The group, via lawyer Jim Baller (who I've talked to about this issue many times over the last decade), argues that the FCC's mandate is to ensure the deployment of broadband "in a reasonable timely basis," and as such they can and should declare the restrictive portion of the law unenforceable:
quote:
EPB petitions the Commission to find that advanced telecommunications capabilities, including high-speed broadband services, are not being deployed on a reasonable and timely basis in communities near EPB’s electric service area because of the territorial restriction in Section 601 that limits EPB’s deployment of Internet and video programming to its electric service area. The Commission should find that, absent Section 601’s electric service area limitation, broadband investment would occur on a reasonable and timely basis in the areas surrounding EPB’s current footprint. The Commission should therefore take immediate action to remove the barrier created by the territorial restriction contained in Section 601 and declare it to be unenforceable.

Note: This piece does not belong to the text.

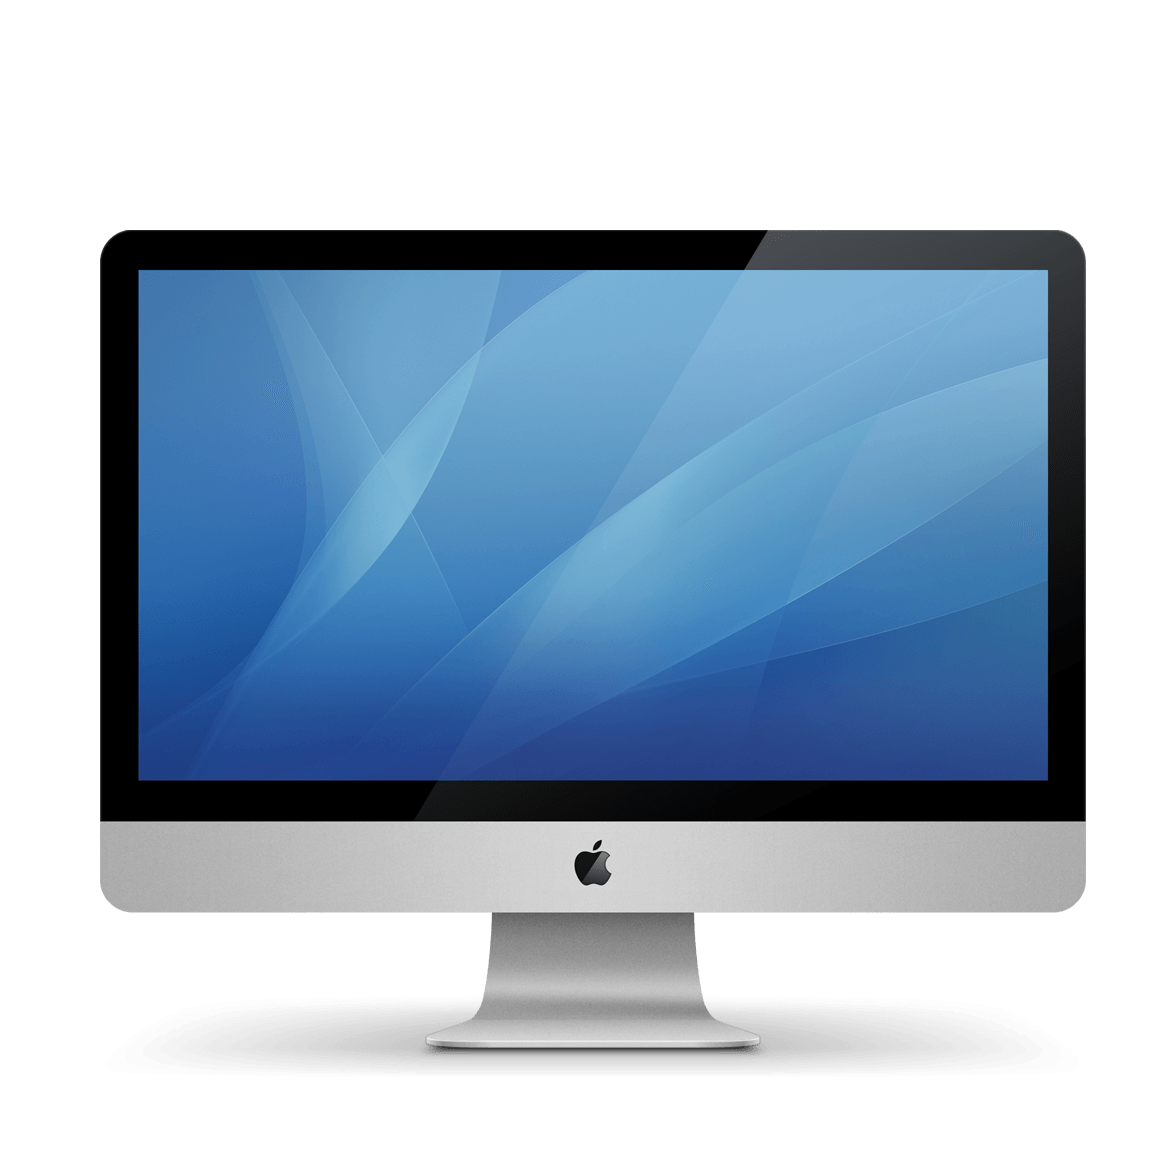 Apple Monitor PNG HD File pngteam.com
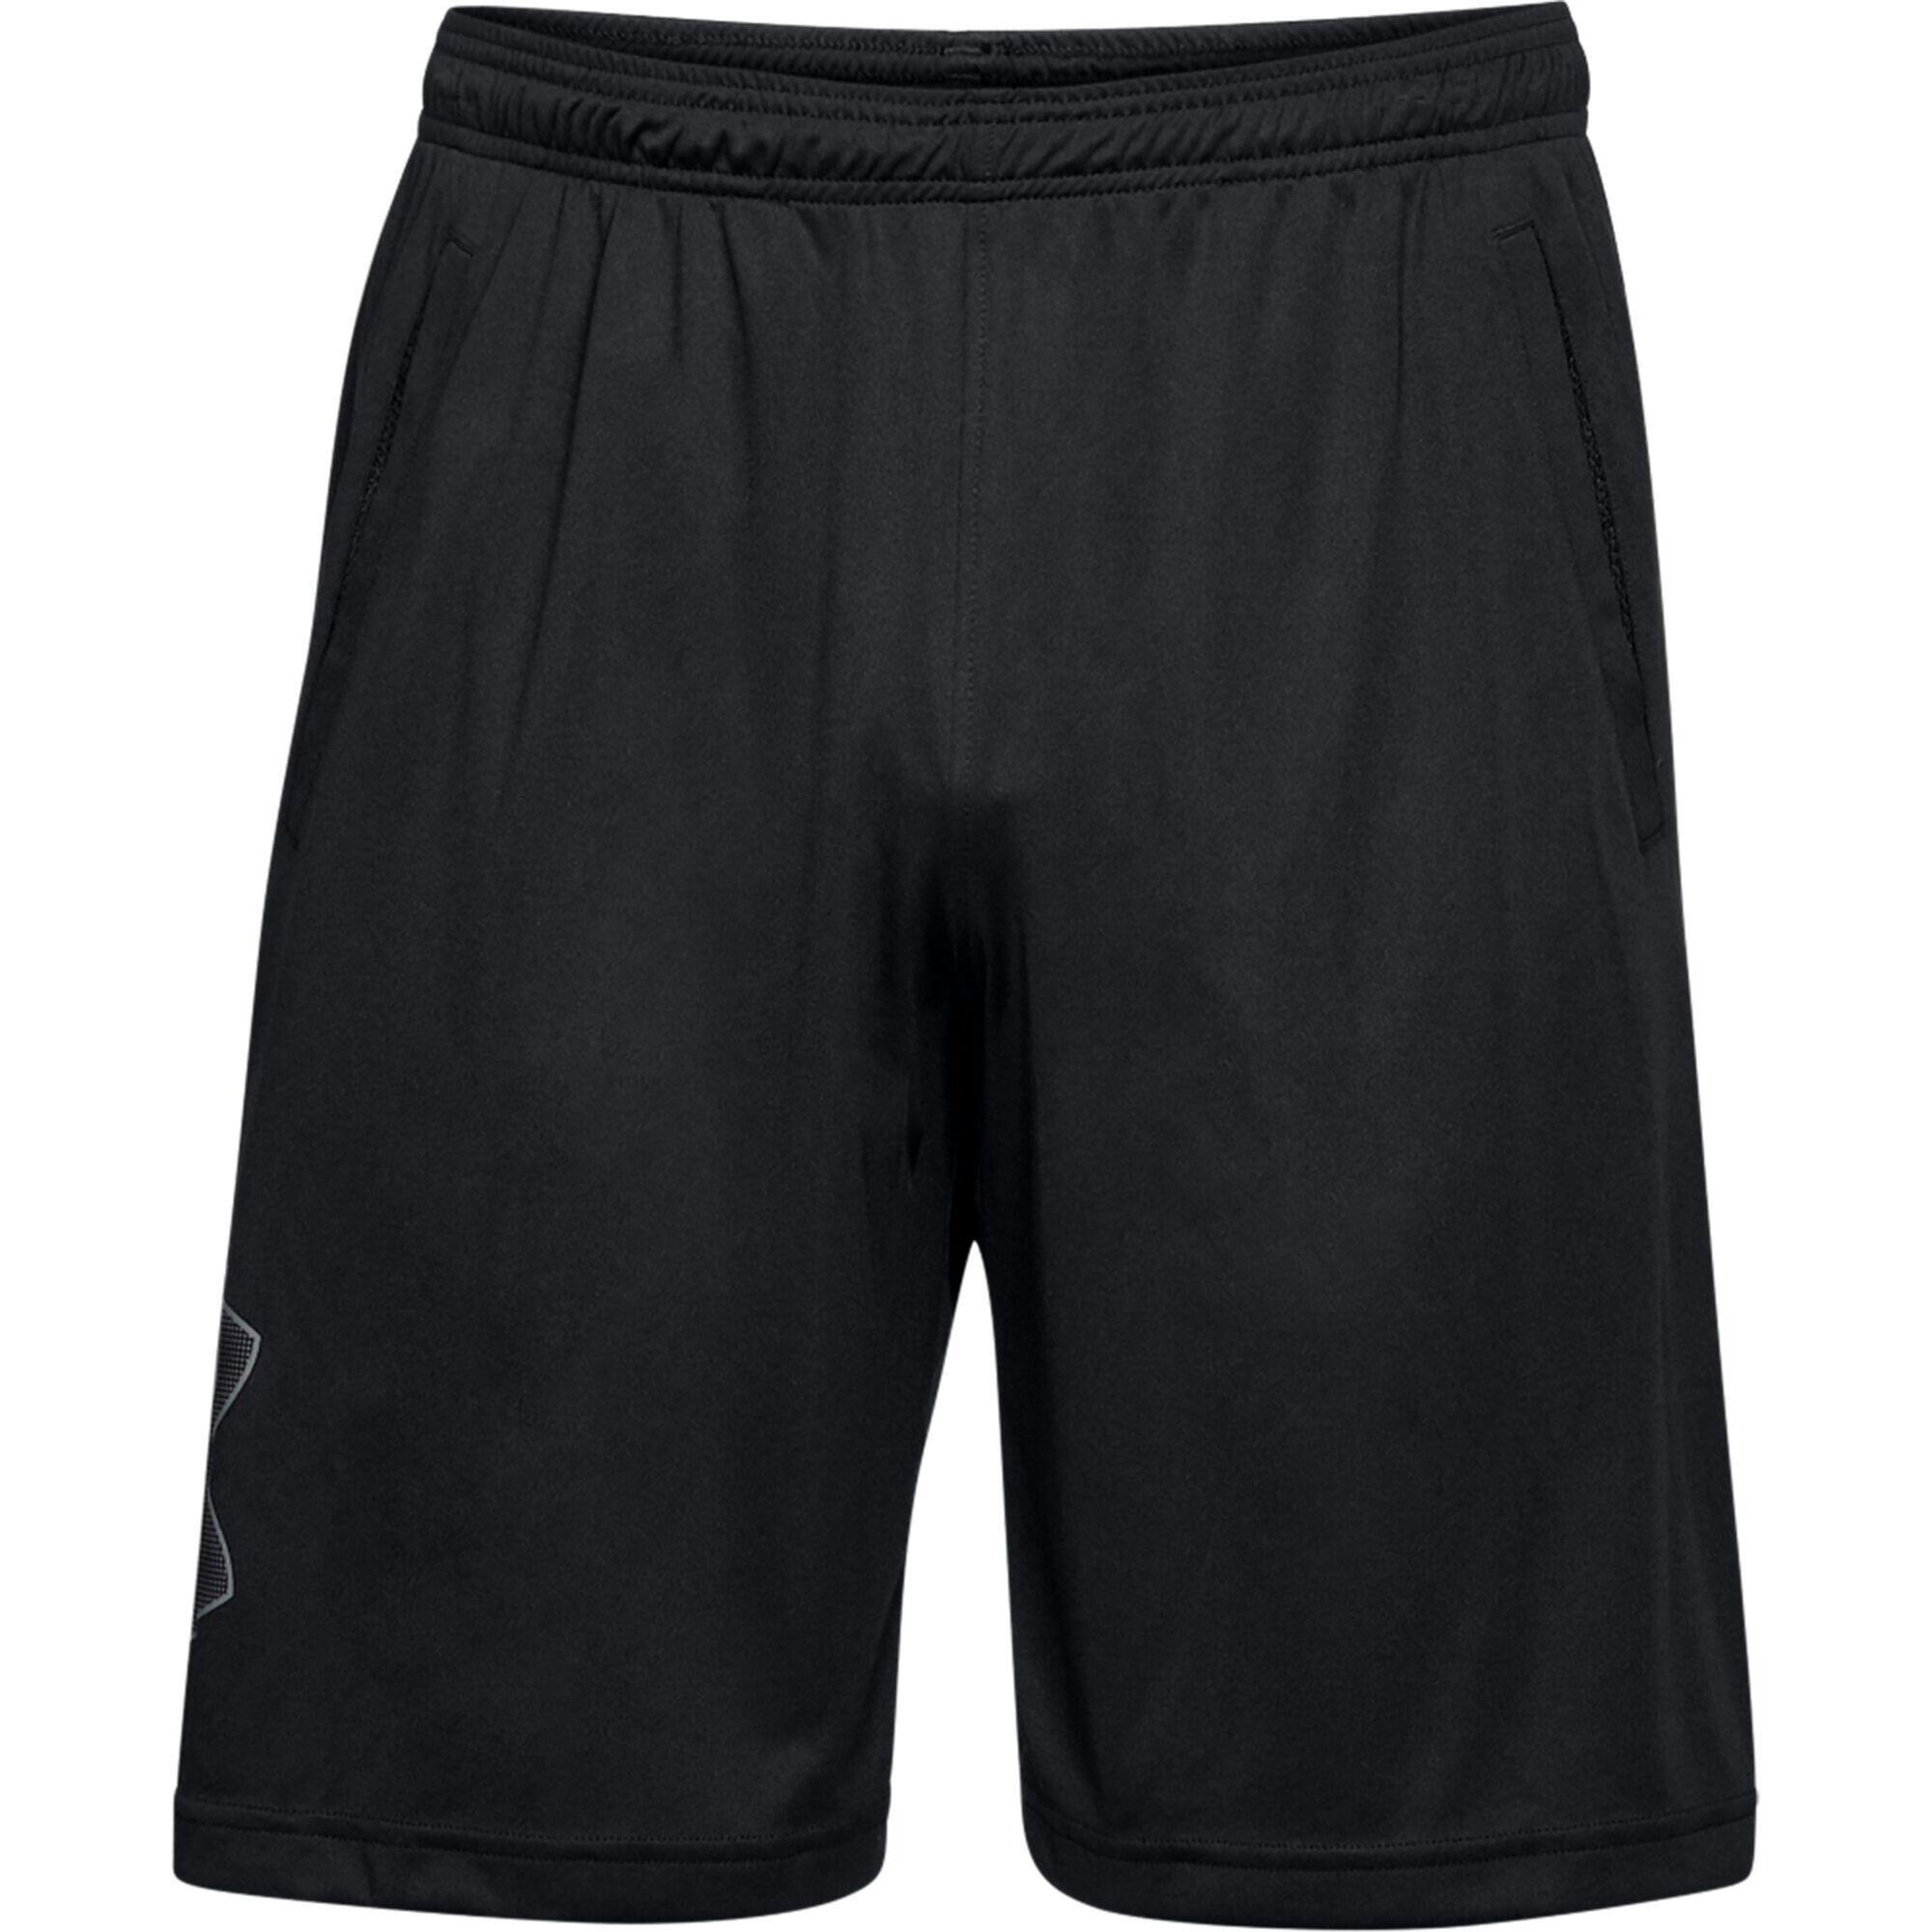 Mens Tech Shorts (Black/Light Graphite) 1/4

Comcast and AT&T have quickly moved to stop the FCC's potential assault on their protectionist laws via both
lawsuit threats via proxy groups, and via politicians like Martha Blackburn, who, after receiving
campaign contributions from PACs tied to both companies -- has passed a bill in the House threatening to strip FCC funding if the agency dares to act. It's not a fight that would be easy, but it's a fight the FCC should win -- and it's a long-overdue fight that must be had if we're to finally start taking broadband competition problems seriously.
As with consumer advocate requests that ISPs be reclassified as utilities as a solution to neutrality concerns, this is another area where Wheeler can prove he's either thrown aside his long-history of industry lobbying and is ready to fight for consumers, or is just another in a very long line of FCC bosses too timid to meaningfully challenge deep-pocketed campaign contributors and the status quo.
Update: The city of Wilson, North Carolina has filed their
own request for the FCC (pdf) calling for FCC action against a similar bill bought and paid for by Time Warner Cable in that state.